The answer is to be the data below, written out in full and exactly.

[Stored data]
=== Begin Enclosure ===

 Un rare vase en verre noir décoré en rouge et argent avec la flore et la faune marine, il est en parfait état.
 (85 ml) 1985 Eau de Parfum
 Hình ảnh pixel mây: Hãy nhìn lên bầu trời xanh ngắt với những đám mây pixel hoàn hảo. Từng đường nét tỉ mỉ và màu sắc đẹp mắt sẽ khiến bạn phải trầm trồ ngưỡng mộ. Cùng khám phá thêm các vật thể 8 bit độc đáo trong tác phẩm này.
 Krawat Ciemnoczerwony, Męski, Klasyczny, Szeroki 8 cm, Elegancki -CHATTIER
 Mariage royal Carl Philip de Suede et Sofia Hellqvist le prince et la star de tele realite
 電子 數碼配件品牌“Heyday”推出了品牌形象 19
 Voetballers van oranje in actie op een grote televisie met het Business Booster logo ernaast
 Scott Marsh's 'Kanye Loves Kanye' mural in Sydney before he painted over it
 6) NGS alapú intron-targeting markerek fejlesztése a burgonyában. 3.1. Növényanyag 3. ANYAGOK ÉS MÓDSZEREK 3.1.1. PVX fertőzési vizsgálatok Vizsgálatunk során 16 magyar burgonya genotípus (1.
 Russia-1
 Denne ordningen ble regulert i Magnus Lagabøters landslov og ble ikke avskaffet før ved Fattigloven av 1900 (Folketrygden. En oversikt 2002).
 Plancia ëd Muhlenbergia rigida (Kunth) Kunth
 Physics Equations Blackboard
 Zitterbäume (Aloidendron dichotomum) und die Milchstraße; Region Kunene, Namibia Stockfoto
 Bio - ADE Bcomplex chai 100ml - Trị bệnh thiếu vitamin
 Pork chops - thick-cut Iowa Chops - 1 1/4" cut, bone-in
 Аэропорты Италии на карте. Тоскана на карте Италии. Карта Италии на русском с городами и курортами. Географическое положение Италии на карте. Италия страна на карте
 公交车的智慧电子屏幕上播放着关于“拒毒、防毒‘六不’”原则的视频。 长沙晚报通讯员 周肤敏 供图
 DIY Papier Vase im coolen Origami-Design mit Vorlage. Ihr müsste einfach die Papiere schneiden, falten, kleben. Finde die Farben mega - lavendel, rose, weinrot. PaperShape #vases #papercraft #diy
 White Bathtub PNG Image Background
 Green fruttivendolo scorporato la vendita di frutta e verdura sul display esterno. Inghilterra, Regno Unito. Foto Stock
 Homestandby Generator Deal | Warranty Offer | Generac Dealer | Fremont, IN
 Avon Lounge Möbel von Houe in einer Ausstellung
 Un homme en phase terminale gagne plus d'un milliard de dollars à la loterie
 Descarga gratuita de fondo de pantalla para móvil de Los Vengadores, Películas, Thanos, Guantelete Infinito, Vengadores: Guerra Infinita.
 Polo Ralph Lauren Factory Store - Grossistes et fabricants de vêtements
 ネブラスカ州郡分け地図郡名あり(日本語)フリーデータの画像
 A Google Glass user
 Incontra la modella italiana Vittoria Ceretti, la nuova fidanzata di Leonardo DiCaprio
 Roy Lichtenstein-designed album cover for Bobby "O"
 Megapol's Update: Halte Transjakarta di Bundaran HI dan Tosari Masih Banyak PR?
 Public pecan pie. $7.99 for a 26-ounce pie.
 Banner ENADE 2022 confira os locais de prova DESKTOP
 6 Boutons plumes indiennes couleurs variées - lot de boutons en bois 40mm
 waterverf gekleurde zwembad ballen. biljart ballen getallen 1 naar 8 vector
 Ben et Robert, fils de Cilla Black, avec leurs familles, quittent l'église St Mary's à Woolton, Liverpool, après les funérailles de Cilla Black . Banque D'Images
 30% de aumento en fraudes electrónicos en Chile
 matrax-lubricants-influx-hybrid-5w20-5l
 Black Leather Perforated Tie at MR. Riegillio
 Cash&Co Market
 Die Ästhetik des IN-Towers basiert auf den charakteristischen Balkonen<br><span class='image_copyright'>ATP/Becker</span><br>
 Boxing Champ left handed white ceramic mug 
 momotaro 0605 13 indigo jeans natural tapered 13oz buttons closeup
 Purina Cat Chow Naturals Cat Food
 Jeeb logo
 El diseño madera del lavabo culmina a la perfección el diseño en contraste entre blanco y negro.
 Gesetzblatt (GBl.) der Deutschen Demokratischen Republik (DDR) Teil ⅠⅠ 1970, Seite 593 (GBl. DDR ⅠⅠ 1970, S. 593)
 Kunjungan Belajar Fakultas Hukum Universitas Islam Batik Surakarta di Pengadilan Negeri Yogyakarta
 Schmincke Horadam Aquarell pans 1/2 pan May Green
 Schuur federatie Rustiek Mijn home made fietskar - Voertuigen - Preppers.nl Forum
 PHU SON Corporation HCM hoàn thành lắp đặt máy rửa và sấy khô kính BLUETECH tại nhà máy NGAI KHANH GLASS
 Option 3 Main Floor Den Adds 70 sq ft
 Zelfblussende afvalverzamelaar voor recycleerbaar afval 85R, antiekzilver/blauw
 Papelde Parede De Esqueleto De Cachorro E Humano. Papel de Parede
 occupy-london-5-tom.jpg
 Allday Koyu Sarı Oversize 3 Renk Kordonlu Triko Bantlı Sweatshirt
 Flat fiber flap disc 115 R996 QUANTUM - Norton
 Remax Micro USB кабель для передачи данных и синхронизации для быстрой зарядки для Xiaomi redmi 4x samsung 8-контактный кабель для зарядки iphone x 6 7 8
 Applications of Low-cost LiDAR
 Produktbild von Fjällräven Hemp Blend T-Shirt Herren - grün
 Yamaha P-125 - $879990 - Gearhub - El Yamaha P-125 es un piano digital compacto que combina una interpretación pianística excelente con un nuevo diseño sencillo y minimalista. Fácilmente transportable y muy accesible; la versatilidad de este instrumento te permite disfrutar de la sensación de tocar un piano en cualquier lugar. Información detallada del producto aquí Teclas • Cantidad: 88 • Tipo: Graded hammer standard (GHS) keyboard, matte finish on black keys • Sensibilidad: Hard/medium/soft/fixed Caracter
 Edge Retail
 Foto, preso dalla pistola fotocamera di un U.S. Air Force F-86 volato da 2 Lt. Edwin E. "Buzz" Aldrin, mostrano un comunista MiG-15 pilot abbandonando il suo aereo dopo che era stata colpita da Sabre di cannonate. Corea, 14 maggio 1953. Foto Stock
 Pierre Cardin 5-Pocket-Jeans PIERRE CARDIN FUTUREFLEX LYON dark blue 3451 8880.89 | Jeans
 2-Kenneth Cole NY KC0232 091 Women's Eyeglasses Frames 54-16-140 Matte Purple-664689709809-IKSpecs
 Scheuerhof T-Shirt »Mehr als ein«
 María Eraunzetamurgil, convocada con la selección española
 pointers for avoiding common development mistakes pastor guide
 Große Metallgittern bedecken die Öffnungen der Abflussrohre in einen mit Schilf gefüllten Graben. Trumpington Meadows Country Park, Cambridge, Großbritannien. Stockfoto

=== End Enclosure ===

(Result of this exercise):
 Un rare vase en verre noir décoré en rouge et argent avec la flore et la faune marine, il est en parfait état.
 (85 ml) 1985 Eau de Parfum
 Hình ảnh pixel mây: Hãy nhìn lên bầu trời xanh ngắt với những đám mây pixel hoàn hảo. Từng đường nét tỉ mỉ và màu sắc đẹp mắt sẽ khiến bạn phải trầm trồ ngưỡng mộ. Cùng khám phá thêm các vật thể 8 bit độc đáo trong tác phẩm này.
 Krawat Ciemnoczerwony, Męski, Klasyczny, Szeroki 8 cm, Elegancki -CHATTIER
 Mariage royal Carl Philip de Suede et Sofia Hellqvist le prince et la star de tele realite
 電子 數碼配件品牌“Heyday”推出了品牌形象 19
 Voetballers van oranje in actie op een grote televisie met het Business Booster logo ernaast
 Scott Marsh's 'Kanye Loves Kanye' mural in Sydney before he painted over it
 6) NGS alapú intron-targeting markerek fejlesztése a burgonyában. 3.1. Növényanyag 3. ANYAGOK ÉS MÓDSZEREK 3.1.1. PVX fertőzési vizsgálatok Vizsgálatunk során 16 magyar burgonya genotípus (1.
 Russia-1
 Denne ordningen ble regulert i Magnus Lagabøters landslov og ble ikke avskaffet før ved Fattigloven av 1900 (Folketrygden. En oversikt 2002).
 Plancia ëd Muhlenbergia rigida (Kunth) Kunth
 Physics Equations Blackboard
 Zitterbäume (Aloidendron dichotomum) und die Milchstraße; Region Kunene, Namibia Stockfoto
 Bio - ADE Bcomplex chai 100ml - Trị bệnh thiếu vitamin
 Pork chops - thick-cut Iowa Chops - 1 1/4" cut, bone-in
 Аэропорты Италии на карте. Тоскана на карте Италии. Карта Италии на русском с городами и курортами. Географическое положение Италии на карте. Италия страна на карте
 公交车的智慧电子屏幕上播放着关于“拒毒、防毒‘六不’”原则的视频。 长沙晚报通讯员 周肤敏 供图
 DIY Papier Vase im coolen Origami-Design mit Vorlage. Ihr müsste einfach die Papiere schneiden, falten, kleben. Finde die Farben mega - lavendel, rose, weinrot. PaperShape #vases #papercraft #diy
 White Bathtub PNG Image Background
 Green fruttivendolo scorporato la vendita di frutta e verdura sul display esterno. Inghilterra, Regno Unito. Foto Stock
 Homestandby Generator Deal | Warranty Offer | Generac Dealer | Fremont, IN
 Avon Lounge Möbel von Houe in einer Ausstellung
 Un homme en phase terminale gagne plus d'un milliard de dollars à la loterie
 Descarga gratuita de fondo de pantalla para móvil de Los Vengadores, Películas, Thanos, Guantelete Infinito, Vengadores: Guerra Infinita.
 Polo Ralph Lauren Factory Store - Grossistes et fabricants de vêtements
 ネブラスカ州郡分け地図郡名あり(日本語)フリーデータの画像
 A Google Glass user
 Incontra la modella italiana Vittoria Ceretti, la nuova fidanzata di Leonardo DiCaprio
 Roy Lichtenstein-designed album cover for Bobby "O"
 Megapol's Update: Halte Transjakarta di Bundaran HI dan Tosari Masih Banyak PR?
 Public pecan pie. $7.99 for a 26-ounce pie.
 Banner ENADE 2022 confira os locais de prova DESKTOP
 6 Boutons plumes indiennes couleurs variées - lot de boutons en bois 40mm
 waterverf gekleurde zwembad ballen. biljart ballen getallen 1 naar 8 vector
 Ben et Robert, fils de Cilla Black, avec leurs familles, quittent l'église St Mary's à Woolton, Liverpool, après les funérailles de Cilla Black . Banque D'Images
 30% de aumento en fraudes electrónicos en Chile
 matrax-lubricants-influx-hybrid-5w20-5l
 Black Leather Perforated Tie at MR. Riegillio
 Cash&Co Market
 Die Ästhetik des IN-Towers basiert auf den charakteristischen Balkonen<br><span class='image_copyright'>ATP/Becker</span><br>
 Boxing Champ left handed white ceramic mug 
 momotaro 0605 13 indigo jeans natural tapered 13oz buttons closeup
 Purina Cat Chow Naturals Cat Food
 Jeeb logo
 El diseño madera del lavabo culmina a la perfección el diseño en contraste entre blanco y negro.
 Gesetzblatt (GBl.) der Deutschen Demokratischen Republik (DDR) Teil ⅠⅠ 1970, Seite 593 (GBl. DDR ⅠⅠ 1970, S. 593)
 Kunjungan Belajar Fakultas Hukum Universitas Islam Batik Surakarta di Pengadilan Negeri Yogyakarta
 Schmincke Horadam Aquarell pans 1/2 pan May Green
 Schuur federatie Rustiek Mijn home made fietskar - Voertuigen - Preppers.nl Forum
 PHU SON Corporation HCM hoàn thành lắp đặt máy rửa và sấy khô kính BLUETECH tại nhà máy NGAI KHANH GLASS
 Option 3 Main Floor Den Adds 70 sq ft
 Zelfblussende afvalverzamelaar voor recycleerbaar afval 85R, antiekzilver/blauw
 Papelde Parede De Esqueleto De Cachorro E Humano. Papel de Parede
 occupy-london-5-tom.jpg
 Allday Koyu Sarı Oversize 3 Renk Kordonlu Triko Bantlı Sweatshirt
 Flat fiber flap disc 115 R996 QUANTUM - Norton
 Remax Micro USB кабель для передачи данных и синхронизации для быстрой зарядки для Xiaomi redmi 4x samsung 8-контактный кабель для зарядки iphone x 6 7 8
 Applications of Low-cost LiDAR
 Produktbild von Fjällräven Hemp Blend T-Shirt Herren - grün
 Yamaha P-125 - $879990 - Gearhub - El Yamaha P-125 es un piano digital compacto que combina una interpretación pianística excelente con un nuevo diseño sencillo y minimalista. Fácilmente transportable y muy accesible; la versatilidad de este instrumento te permite disfrutar de la sensación de tocar un piano en cualquier lugar. Información detallada del producto aquí Teclas • Cantidad: 88 • Tipo: Graded hammer standard (GHS) keyboard, matte finish on black keys • Sensibilidad: Hard/medium/soft/fixed Caracter
 Edge Retail
 Foto, preso dalla pistola fotocamera di un U.S. Air Force F-86 volato da 2 Lt. Edwin E. "Buzz" Aldrin, mostrano un comunista MiG-15 pilot abbandonando il suo aereo dopo che era stata colpita da Sabre di cannonate. Corea, 14 maggio 1953. Foto Stock
 Pierre Cardin 5-Pocket-Jeans PIERRE CARDIN FUTUREFLEX LYON dark blue 3451 8880.89 | Jeans
 2-Kenneth Cole NY KC0232 091 Women's Eyeglasses Frames 54-16-140 Matte Purple-664689709809-IKSpecs
 Scheuerhof T-Shirt »Mehr als ein«
 María Eraunzetamurgil, convocada con la selección española
 pointers for avoiding common development mistakes pastor guide
 Große Metallgittern bedecken die Öffnungen der Abflussrohre in einen mit Schilf gefüllten Graben. Trumpington Meadows Country Park, Cambridge, Großbritannien. Stockfoto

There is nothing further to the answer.